Here's the headline from
the Wall Street JournalDeutsche Telekom AG is weighing a bid to acquire Sprint Nextel Corp.
that could catapult the German telecommunications giant's wireless arm,
T-Mobile USA, to the No. 1 position in the U.S., according to people
familiar with the matter.
The downside would be the enormous cluster-fudge of networks. They'd have GSM, iDEN, CDMA and almost Wi-MAX.
We saw what happened when two companies "merged" (they called it a "merger of equals" but it was more of a buyout) that were running different networks. We're talking Sprint and Nextel, duh. There was no real plan for consolidation. Constant changes of direction haven't helped. Sprint used to be number 2 in what was the Big 5 (the lineup used to be AT&T, Sprint, Verizon, Nextel and T-Mobile) and Sprint's stock was in the low $20 range and generally on the rise. Since the merger both sides of Sprint/Nextel have seen literally millions of subscribers and billions of dollars evaporate.
What I'm getting at is that DT/T-mobile seems to have its head on straight. Other than the change from VoiceSteam to T-Mobile (which was done in the relative infancy of their US debut) they've never suffered an identity crisis (Like
AT&T Cingular AT&T) and never had to transition from one network to another (like AT&T from TDMA to GSM or Nextel from TDMA to iDEN or Sprint from GSM to CDMA). Unless they have a
very clear roadmap for what they're going to do with their customers in regards to network there are going to be
massive problems with a buyout of Sprint. I would have to imagine that it would be something along the lines of moving their GSM customers to CDMA (most of their GSM handsets have a CDMA almost-twin). Next would be either rolling out a nationwide Wi-MAX network for Wi-MAX airacrds and CDMA handsets that connect to Wi-MAX for data or potentially work in a dropping of Wi-MAX entirely and rely on EVDO for its data needs. Because of the incentives usually offered to switch to the "favored" network, it would seem cheaper to abandon GSM. However, GSM is more globally accepted and is a cheaper overall network. I hope that if they merge they stick with CDMA because frankly, I've never been impressed with the call quality I've had when talking to someone with T-Mobile and never been anything
but impressed with the call quality I've had with Sprint.
Also, they'd need to work dropping iDEN into that plan too.
Except for the part where Sprint is saying Wi-MAX and VZE is saying LTE for 4th gen data a Verizon buyout of Sprint would make so much more sense, especially because Wi-MAX is still in a test deployment.
I'll admit, as I usually will, that I don't have any kind of degree in anything. What I do have is experience. I experienced the Sprint/Nextel merger first-hand and know how poorly it was handled.

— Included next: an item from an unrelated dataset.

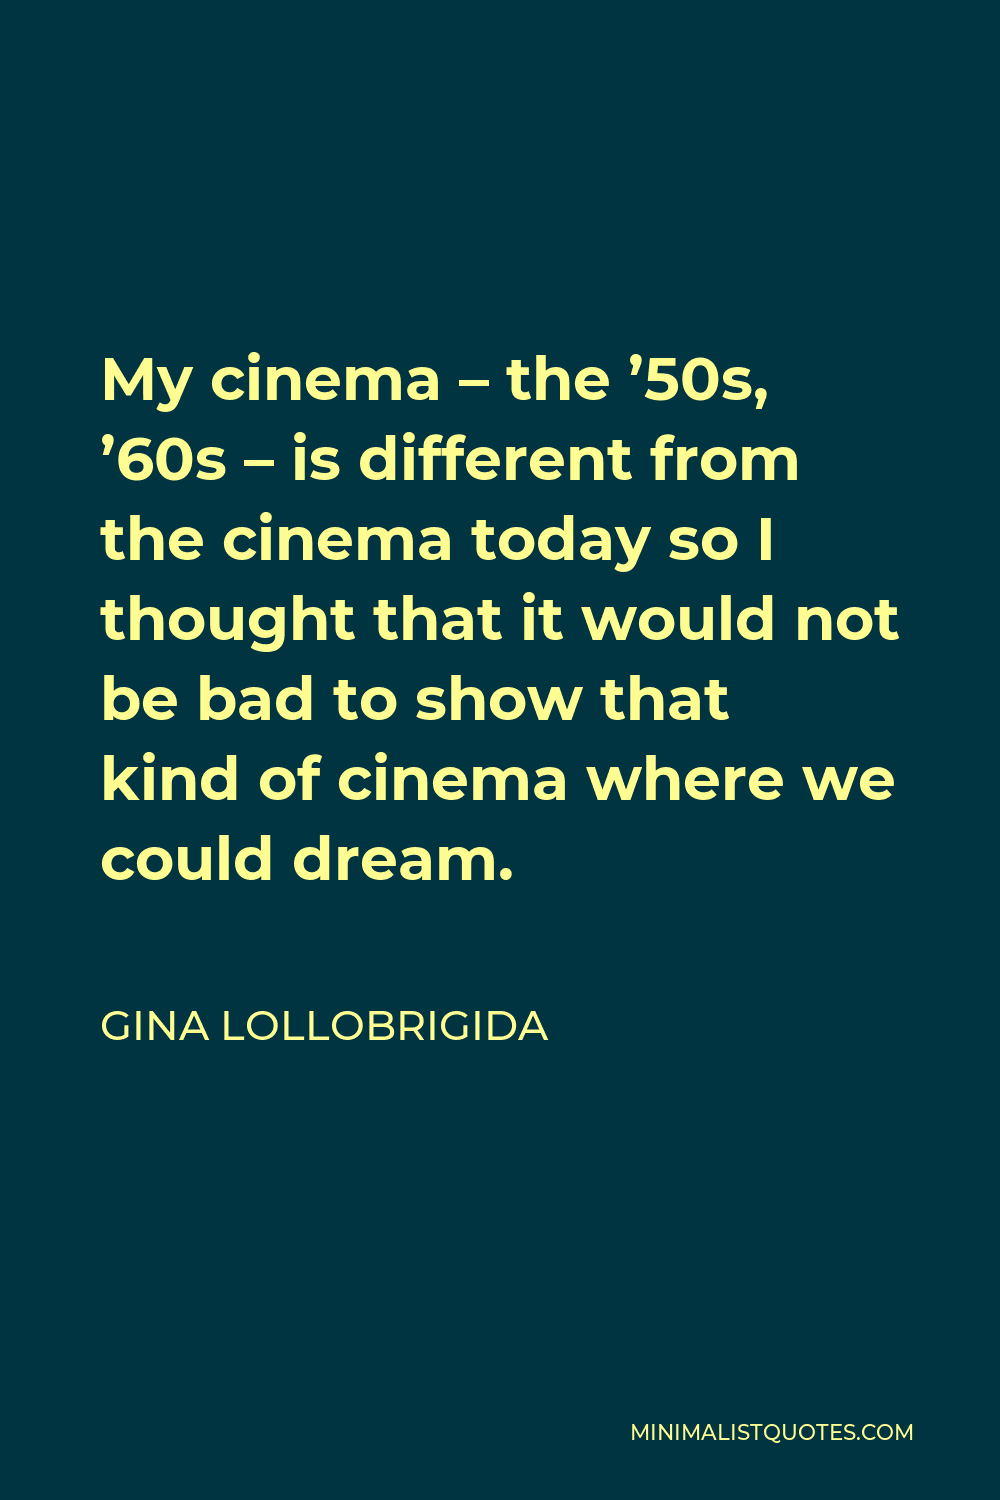 Gina Lollobrigida Quote - My cinema – the ’50s, ’60s – is different from the cinema today so I thought that it would not be bad to show that kind of cinema where we could dream.

It took them 3 years to decide that they should use the near-billion dollar city-sized campus in Kansas as their HQ (which also allows them to pay relocated employees less in accordance with their policy for reducing pay when transferring to an area with a lower cost of living) instead of the campus in Reston, VA (which is still only partially vacated). They're just now, also three years later, rolling out handsets that will allow iDEN customers to completely move over to CDMA as opposed to the hybrid units that reduce iDEN traffic but don't really address the need to get rid of the entire network. Any plan that came out didn't seem like it was that well planned and was then changed before it had a chance to take hold. I have to assume that if I can see the huge potential for ginormous fail that the brains behind Deutsche Telekom must have as well.

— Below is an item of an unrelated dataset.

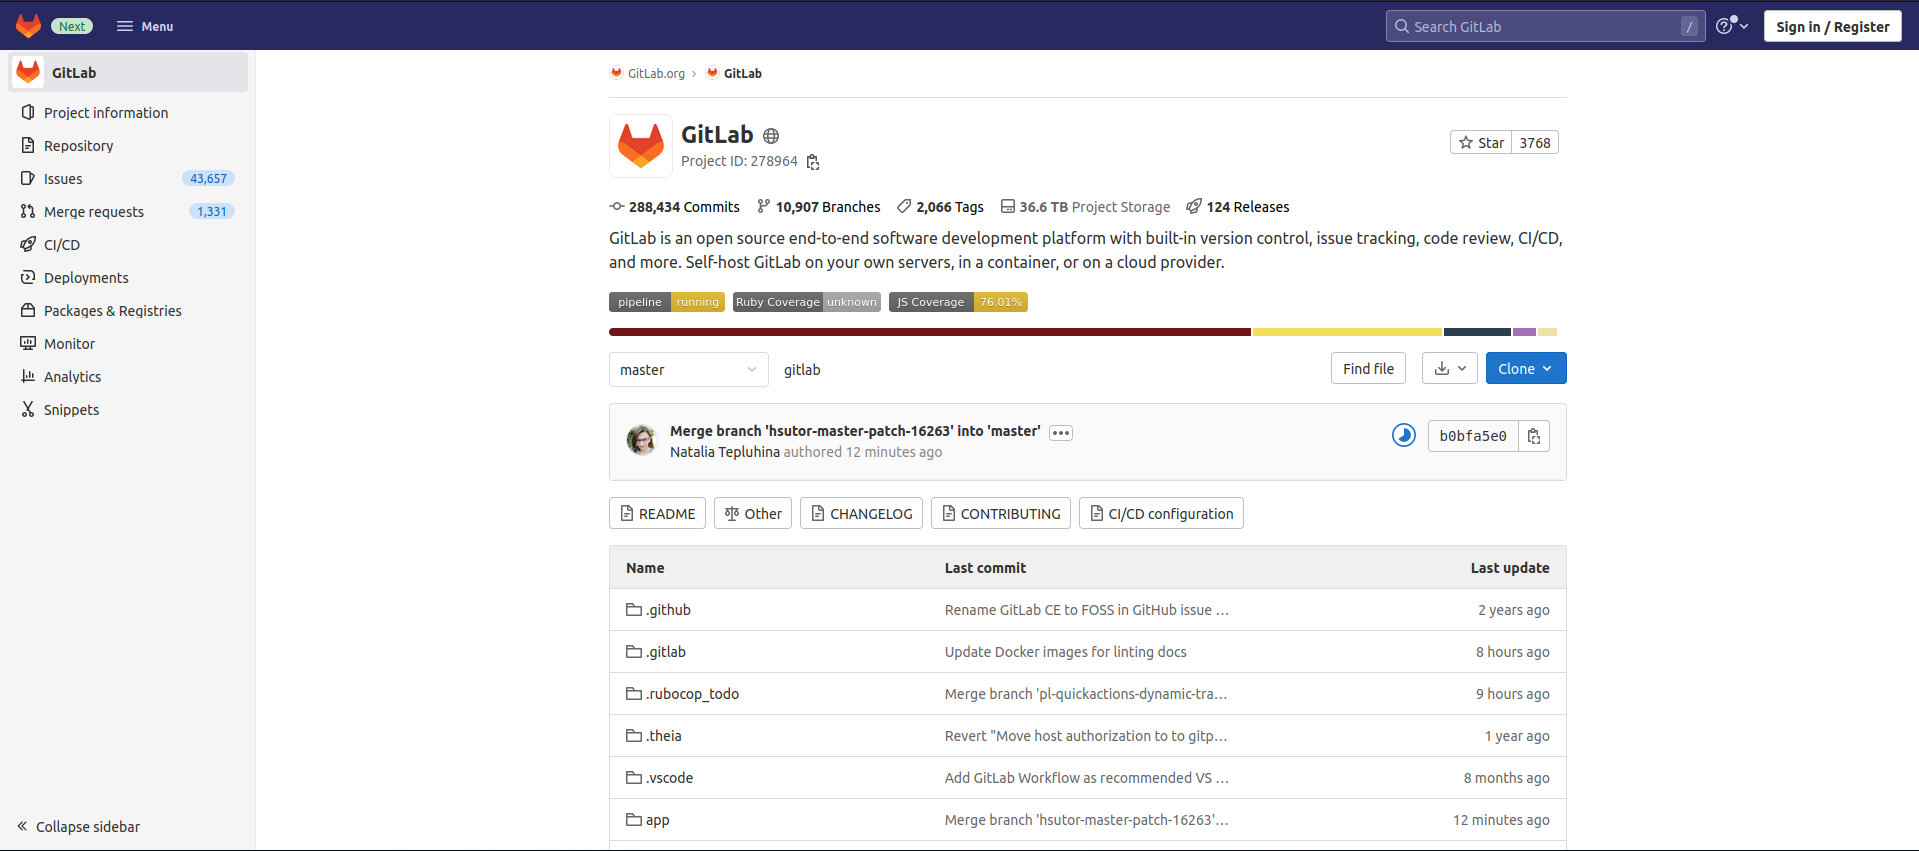 An overview of the GitLab Project

If the buy happens (and it's a really, really,
really big "if") it needs to be done with more planning, commitment and follow-through than would be needed in the acquisition of a competitor using the same type of network. With Sprint's stock $30 away from the top 2 (AT&T and VZW) and DT's better, but not amazing in the upper teens, a poorly handled Sprint acquisition could very well put the new company in dire straights very quickly. Were that to happen we could very easily see the Big 4 very quickly become the Big 2.